50 Percent of Vinyl Buyers Don’t Own a Record Player

Vinyl sales have been booming lately — yes, in 2023 — but what’s even more shocking is that 50 percent of people purchasing vinyls don’t even own a record player.

So, what’s driving the increase in vinyls if people aren’t actually listening to the records?

Some of it can be blamed on the general vintage cool factor, but a report from Luminate, a music sales data company, found that vinyl buyers are more likely to be “superfans” — you know, those who spend well above-average time and money on music, actively discover new music, participate in music-related activities on social media and plan on attending a live music event in the next 12 months.

The gifting market is also a factor, with people buying vinyl as presents for friends and family on special occasions. But the rise of superfans may be the most significant driver behind vinyl’s resurgence.

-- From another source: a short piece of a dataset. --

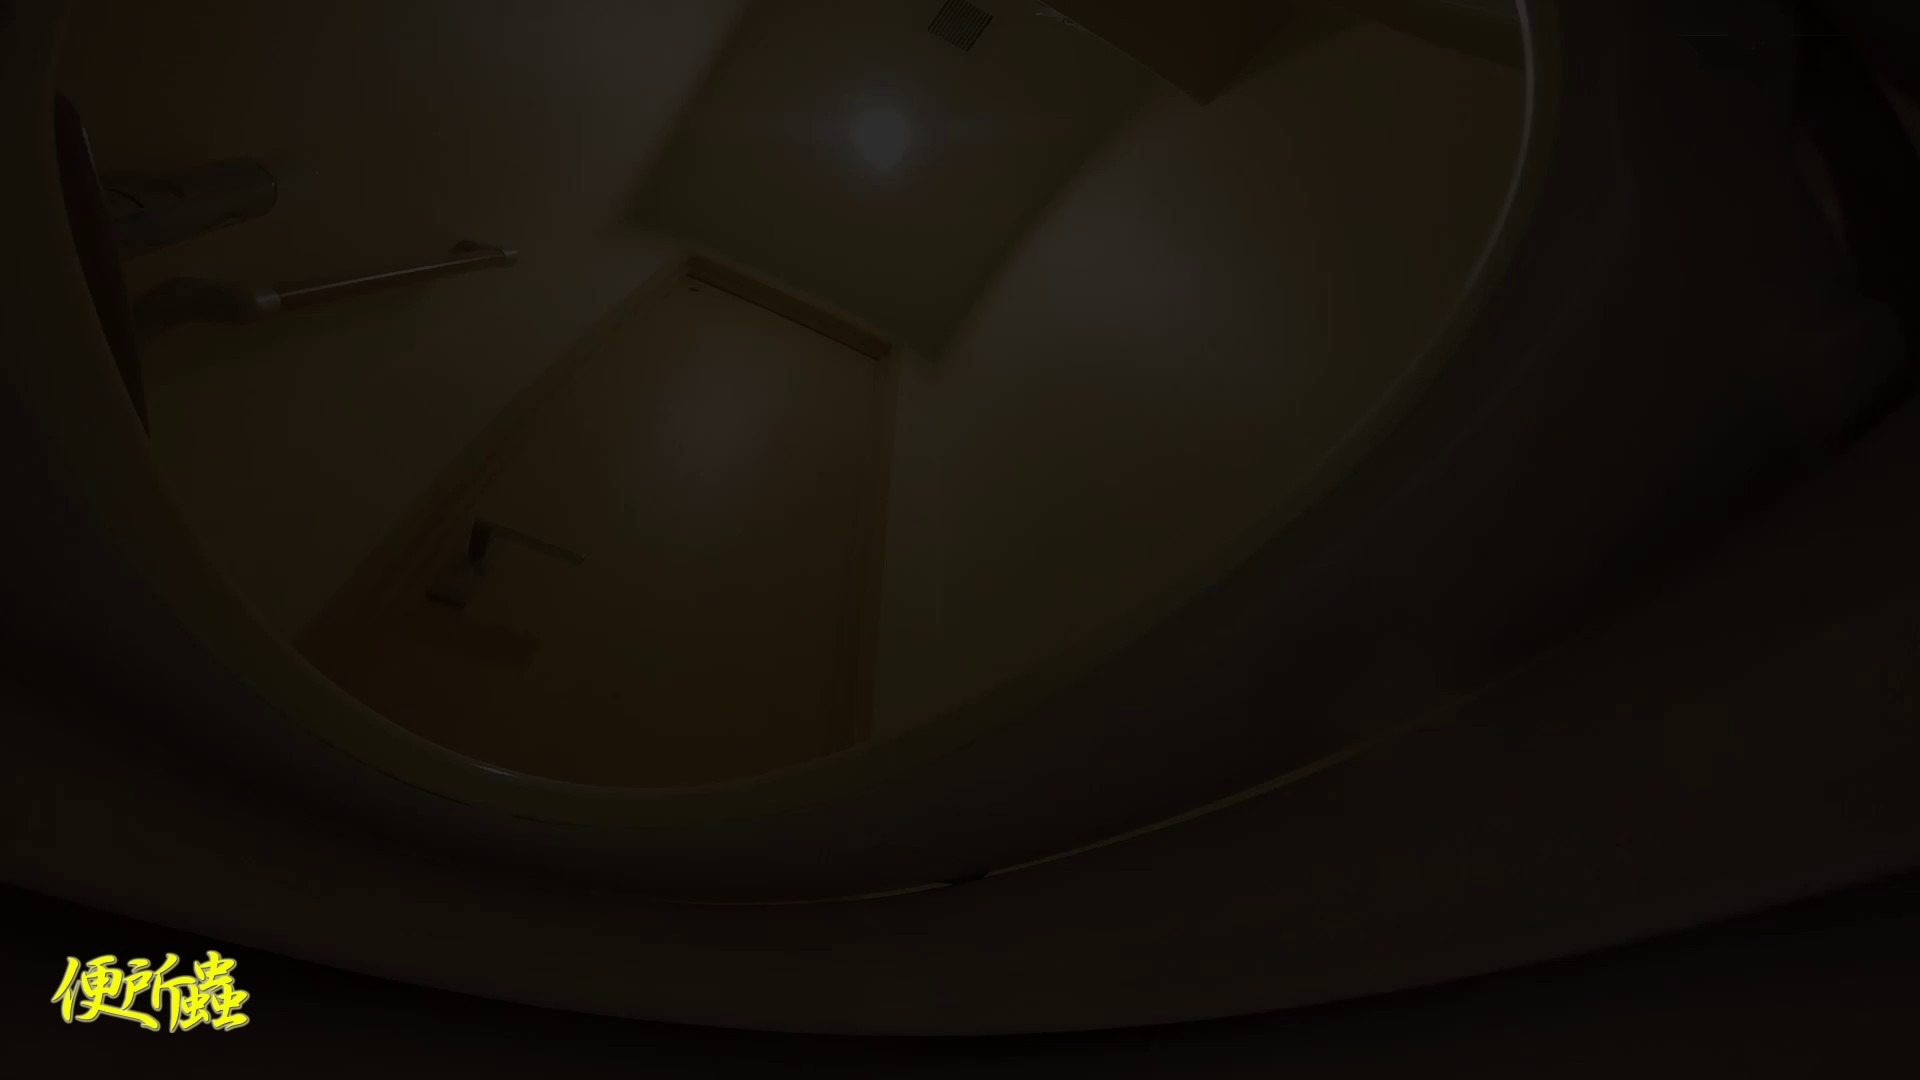 7名登場※【洗面所盗撮vol.21便所蟲さんのリターン~寺子屋洗面所盗撮~ 便所  91pic 72

The reports suggests that these passionate music enthusiasts are buying vinyl as a way to express their identity and signal their love for a particular artist or genre. For some, vinyl is a decoration to be displayed on the wall or a collectible artifact to be treasured. For others, it’s as much about seeing and touching the music they love as it is about listening.

Last year, the best-selling vinyl albums in the U.S. were a combination of old classics and newer hits. Taylor Swift fans in particular took the lead by a landslide, buying more vinyl sales than any other artist’s fanbase.

Best Selling vinyl records of 2022.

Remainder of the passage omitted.